Elections 2012: Republicans Signal Concern On Mitt Romney Video Comments

Two Republican U.S. Senate candidates in close races disowned Mitt Romney’s “47 percent” comments on Tuesday, signaling concern about the impact of his words on Republican fortunes beyond the presidential race.

Republican presidential candidate Mitt Romney isn’t backing down from a hidden-camera video that shows him disparaging nearly half the nation’s voters. Photo: MittRomney.com

Linda McMahon, Republican Senate candidate in Connecticut, was worried enough to issue a statement criticizing Romney.

“I disagree with Governor Romney’s insinuation that 47 percent of Americans believe they are victims who must depend on the government for their care. I know that the vast majority of those who rely on government are not in that situation because they want to be,” her statement said.
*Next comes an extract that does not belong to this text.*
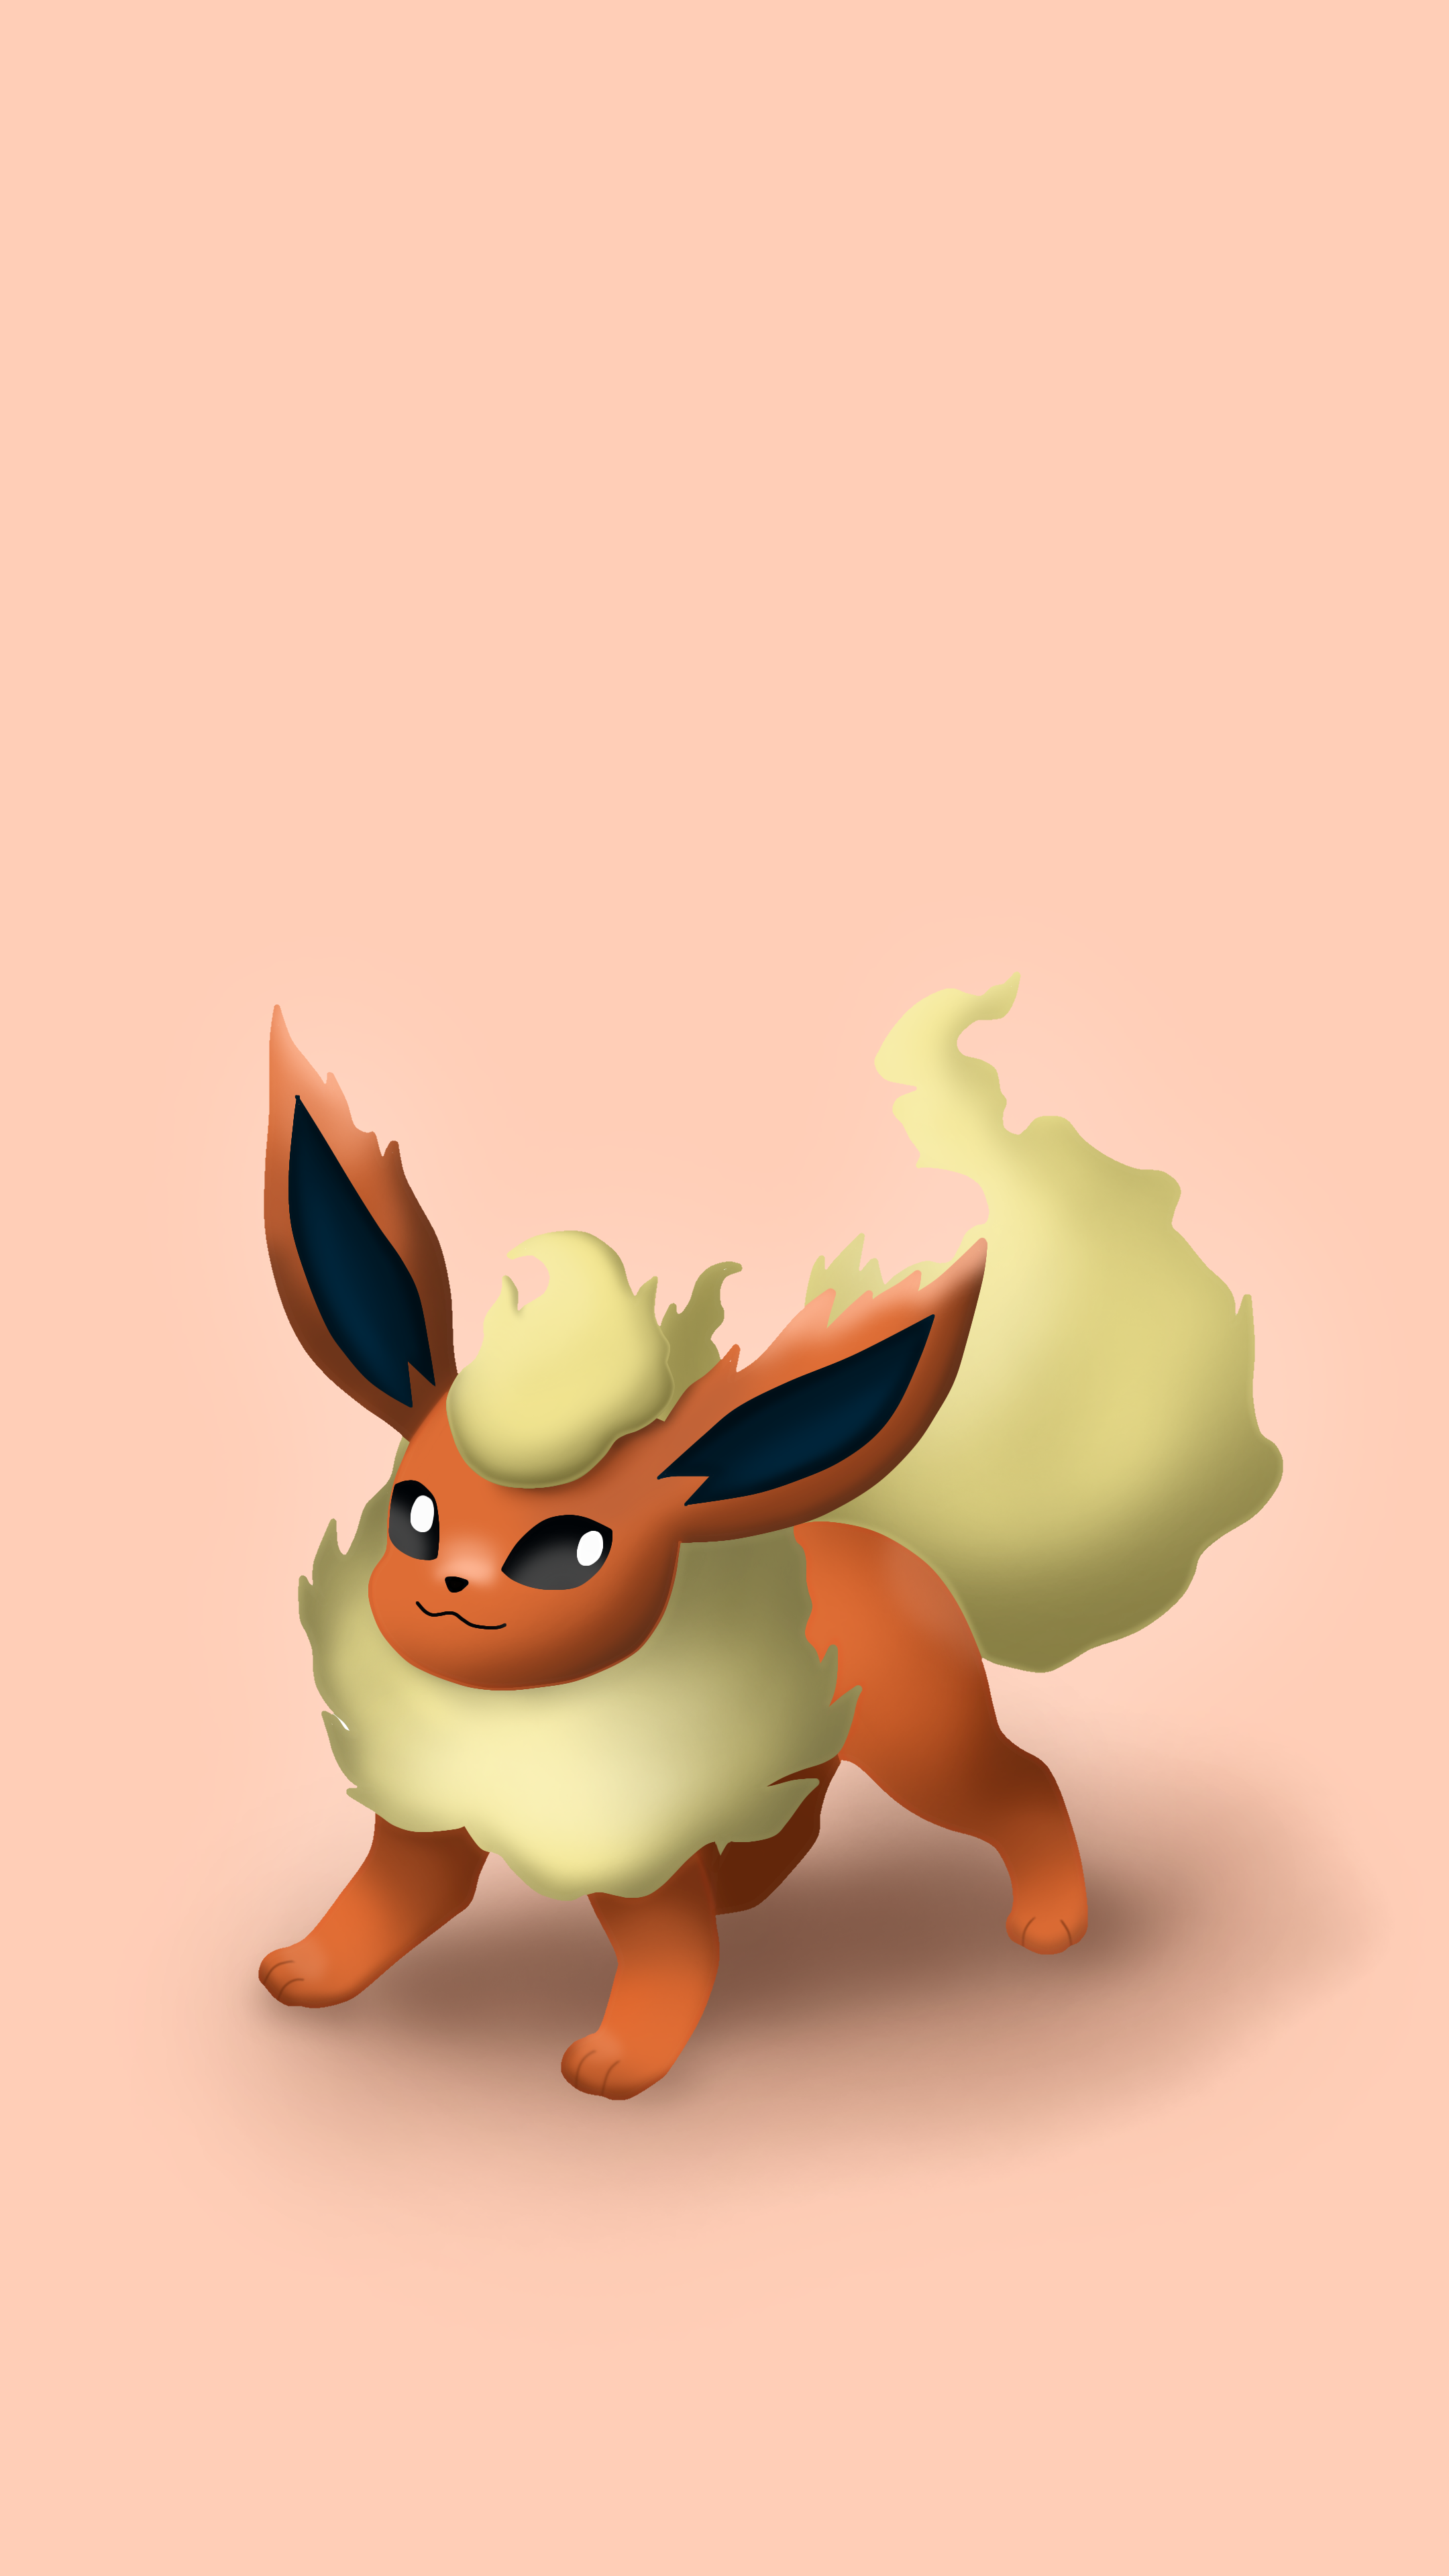 I made a 3D styled Flareon wallpaper for myself! Pls share ur criticism!
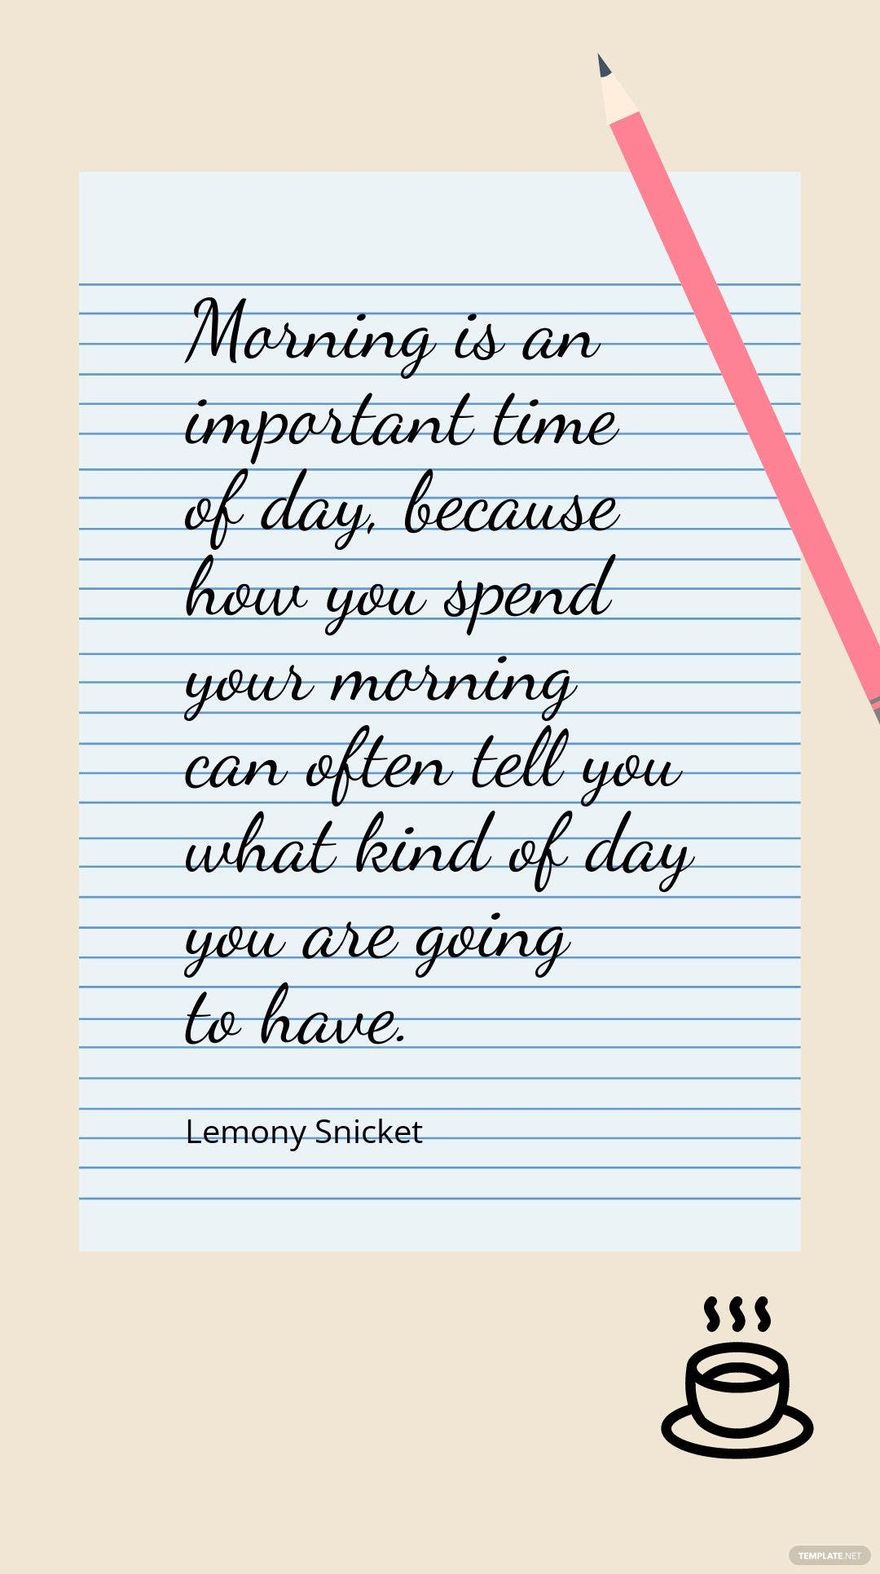 Lemony Snicket - Morning is an important time of day, because how you spend your morning can often tell you what kind of day you are going to have.

According to The Huff Post, Massachusetts Senator Scott Brown, running a tight race against Harvard Law professor Elizabeth Warren to retain his seat in a traditionally Democratic state, sounded a similar theme.

In statement to The Hill he said of Romney’s views: “That’s not the way I view the world. As someone who grew up in tough circumstances, I know that being on public assistance is not a spot that anyone wants to be in. Too many people today who want to work are being forced into public assistance for lack of jobs.”

In a video that was posted online this week, Romney dismissed supporters of President Barack Obama – almost half of U.S. voters – as people who live off government handouts and do not “care for their lives.”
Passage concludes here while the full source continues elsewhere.